UBS analyst Steven Strycula believes Hershey's competitors can steal market share
Chocolate king Hershey Co (NYSE:HSY) was downgraded to "sell" from "neutral" by UBS analyst Steven Strycula, who also dropped his price target to $90 from $106. Citing an internal report, Strycula says consumers have been buying chocolate less frequently and have shifted to healthier snacks. Strycula also noted the big year-to-date rise in cocoa prices, which could hurt Hershey's gross margin estimates for the second half of 2018 and into 2019. He believes rivals like Mars, Nutella parent Ferrero, and Oreo maker Mondelez (MDLZ) could all steal market share.

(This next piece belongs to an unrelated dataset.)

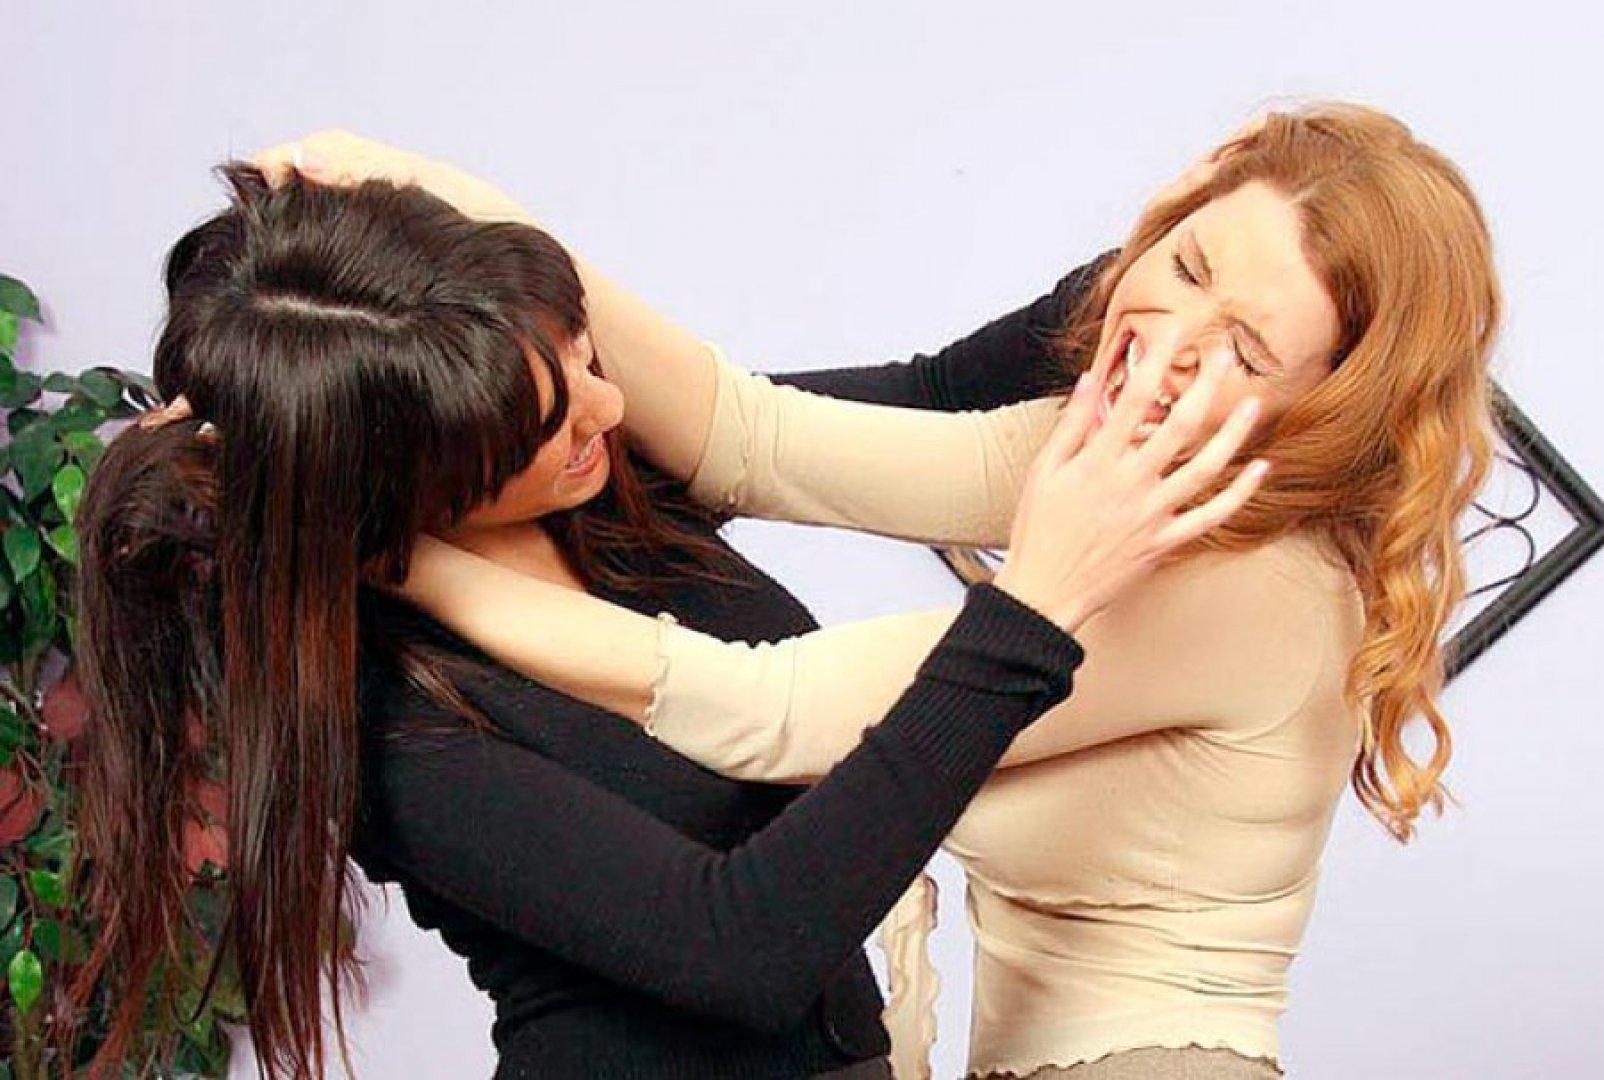 Русская девушка жестко трахнула свою подругу, Приятель жестко трахнул подругу по ее просьбе 20 фотография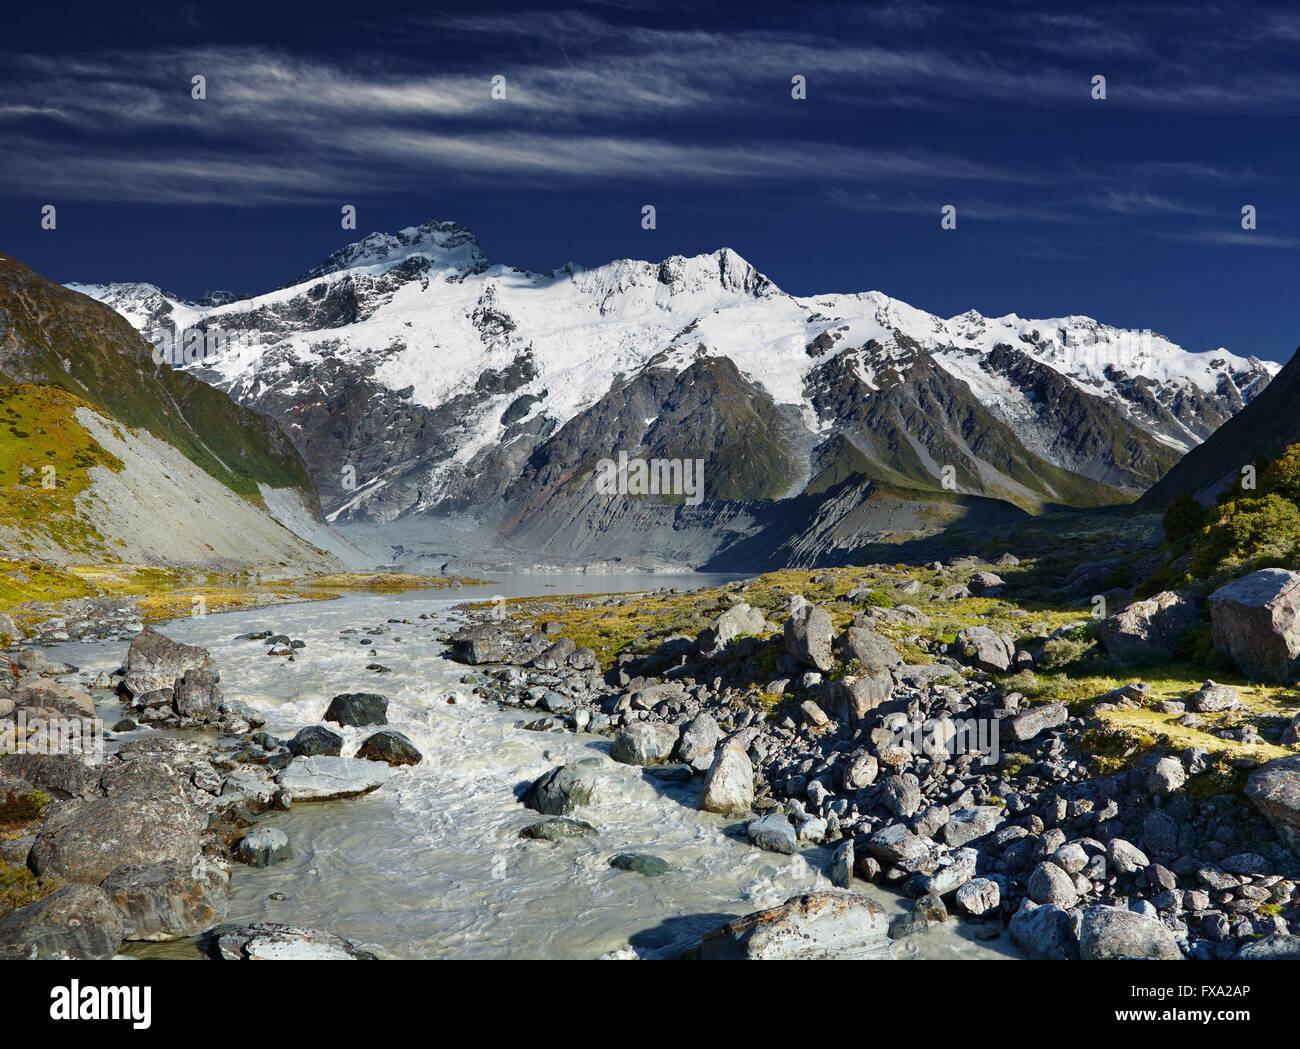 Amanecer en los Alpes del Sur, Nueva Zelanda Imagen De Stock

HSY was last seen trading down 1.9% in pre-market action. It's already been a rough year for HSY stock, with the shares falling 12.5% year-to-date to close last night at $99.36. Most of these losses came from an early February bear gap, after the company reported lower-than-expected fourth-quarter earnings. While the security recently bounced from the $95-$96 area that also acted as strong support back in late 2016, its 50-day moving average has kept a tight lid on the shares in recent sessions.

There are 13 brokerage firms in total tracking the equity, and just three have anything better than a "hold" or "sell" rating. However, HSY's average 12-month price target stands up at $108.06, a nearly 9% premium to current levels and just below the levels seen right before that February bear gap. There appears to be a chance for more price-target cuts to come through if the shares continue to struggle.
Also, short interest has been picking up since bottoming in July, including a 13.9% rise in the last two reporting periods. But short interest still represents just 2.6% of Hershey's total float, suggesting there's room for more bears to pile on, which would act as yet another headwind for the stock.